11.09.2017 09:00
Ursula Kluge
(tätig um 1920/1930)
Zehn kleine Negerlein
Eine schwarze Geschichte in Wort und Bild geschnitten
um 1930
Mappe aus chamoisfarbenem Karton,
die Vorderseite zweigeteilt mit zwei Stecklaschen am oberen
und zwei Steckschlitzen im unteren Flügelsegment;
beide Flügel mit einer ausgeschnittenen und applizierten
getuschten Zeichnung über Bleistiftvorzeichnung;
einliegend 13 auf festem chamoisfarbenem Karton applizierte
ausgeschnittene Tuschzeichnungen über Bleistiftvorzeichnung
24,8 x 32,0 cm (Mappe)
23,9 x 31,9 cm (Blätter)
Inv.-Nr. 2016.244.000-015
Bei der vorliegenden Folge handelt es sich um ein Unikat, das die biographisch in den einschlägigen Lexika nicht nachweisbare Künstlerin Ursula Kluge möglicherweise im Hinblick auf die geplante Herausgabe eines Mappenwerkes oder eines Buches mit Reproduktionen nach den Entwürfen angefertigt hat – nachweisen ließ sich solch ein Verlagswerk bisher jedoch nicht.
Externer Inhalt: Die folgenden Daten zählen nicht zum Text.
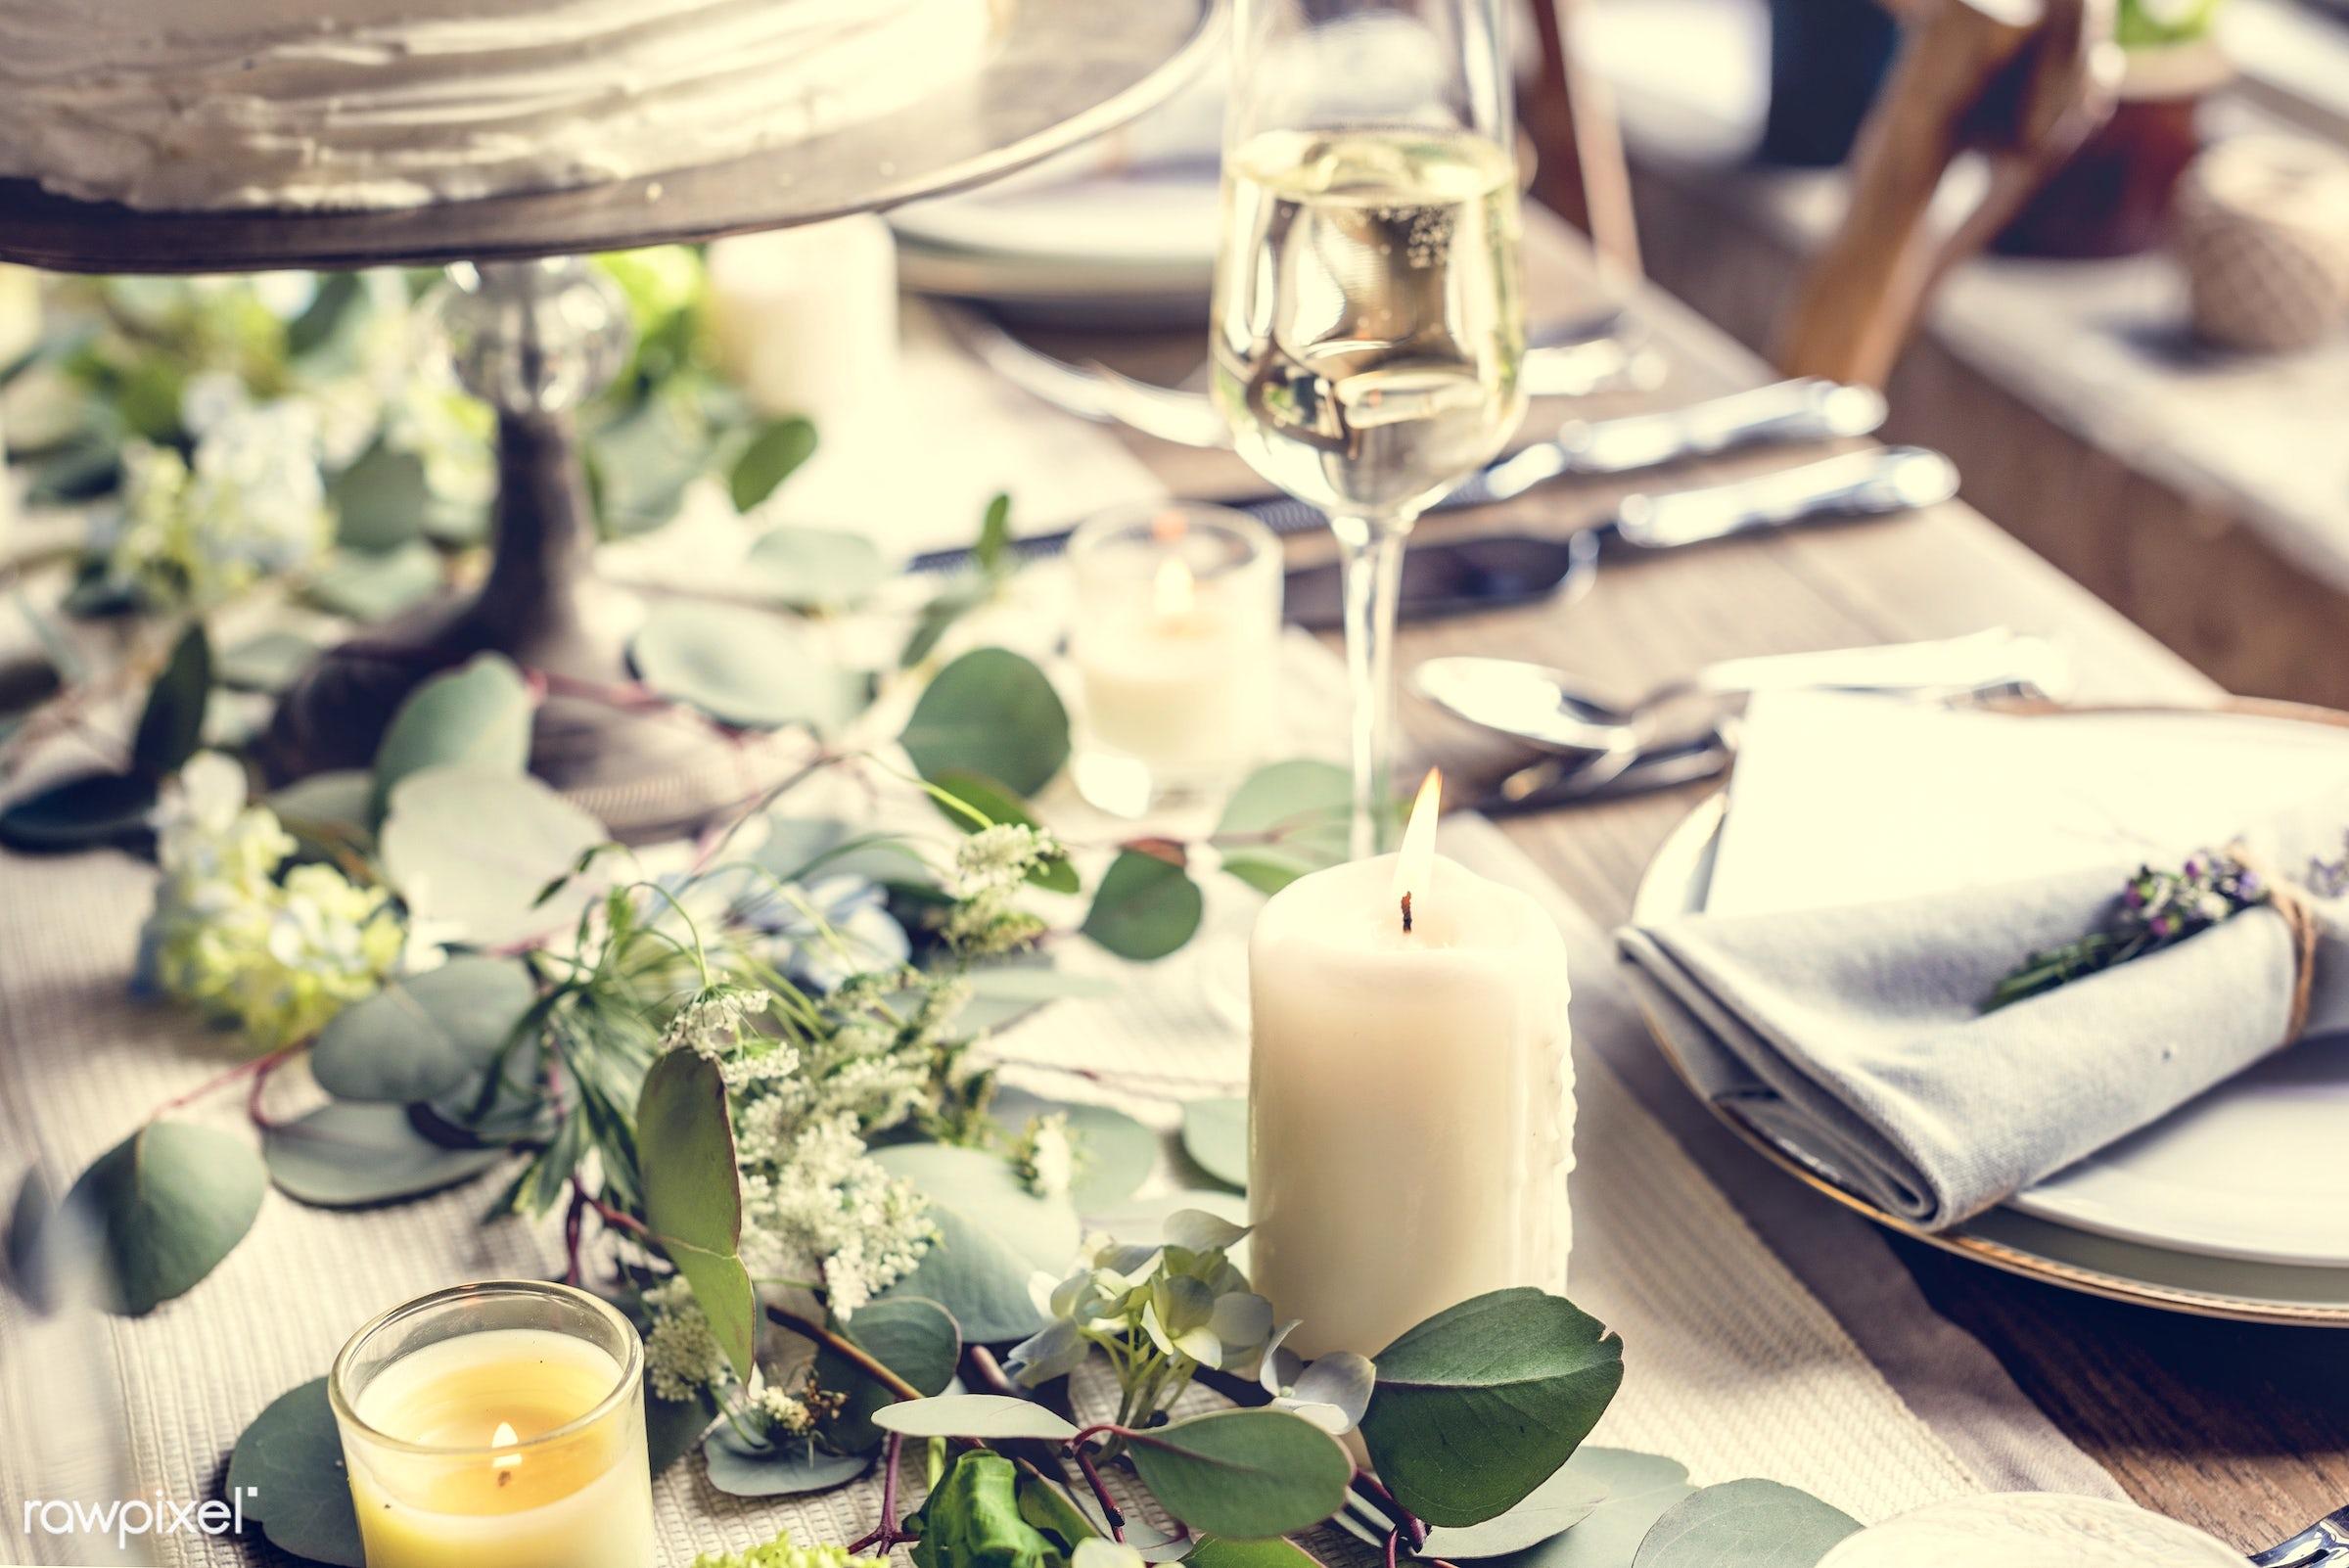 dish, nobody, fancy, cutlery, hydrangea, leaf, silverware, leaves, party, decor, tablecloth, gather, event, lunch, flower,...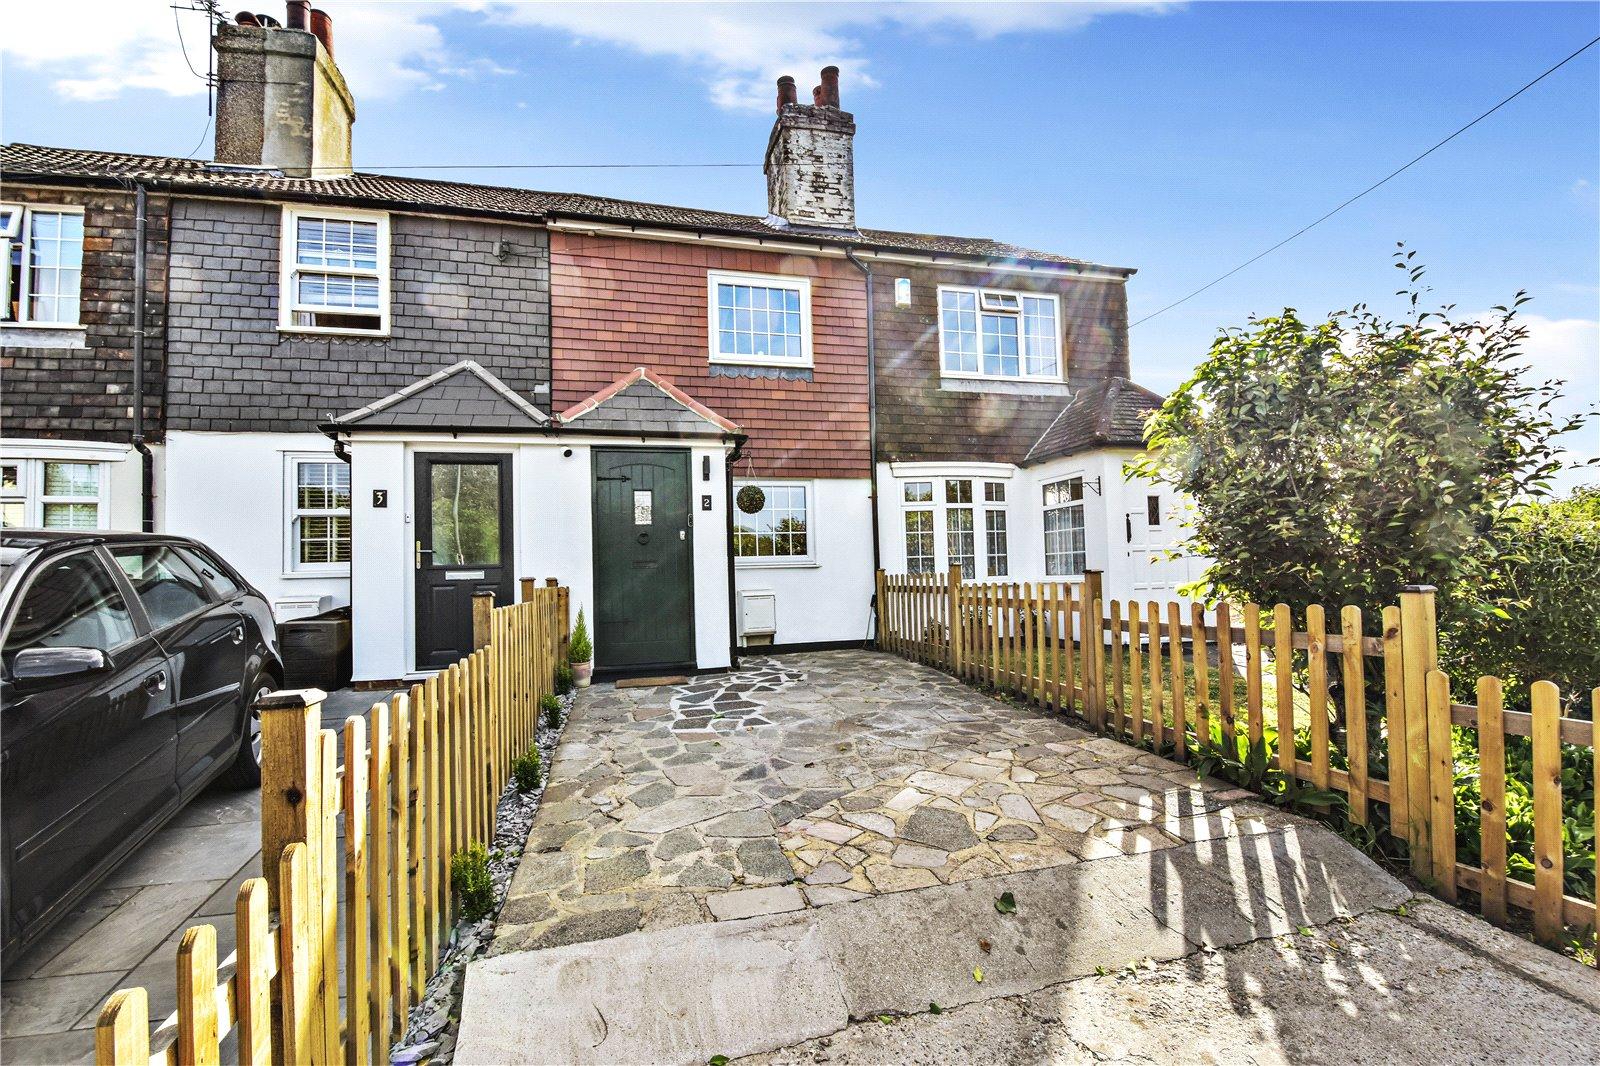 Claremont Cottages, Hawley Road, Dartford, Kent, DA1

Interessant ist die technische Umsetzung, hat die Künstlerin doch nicht wie beim klassischen Scherenschnitt die Darstellungen direkt aus schwarzem Karton ausgeschnitten, sondern diese erst mit schwarzer Tusche über Bleistiftvorzeichnung auf Papier silhouettiert und die so vorgefertigten Zeichnungen dann entlang des Konturs ausgeschnitten und auf einen festen Karton mit aufgezeichneten Hilfslinien für die Positionierung der Schnitte appliziert.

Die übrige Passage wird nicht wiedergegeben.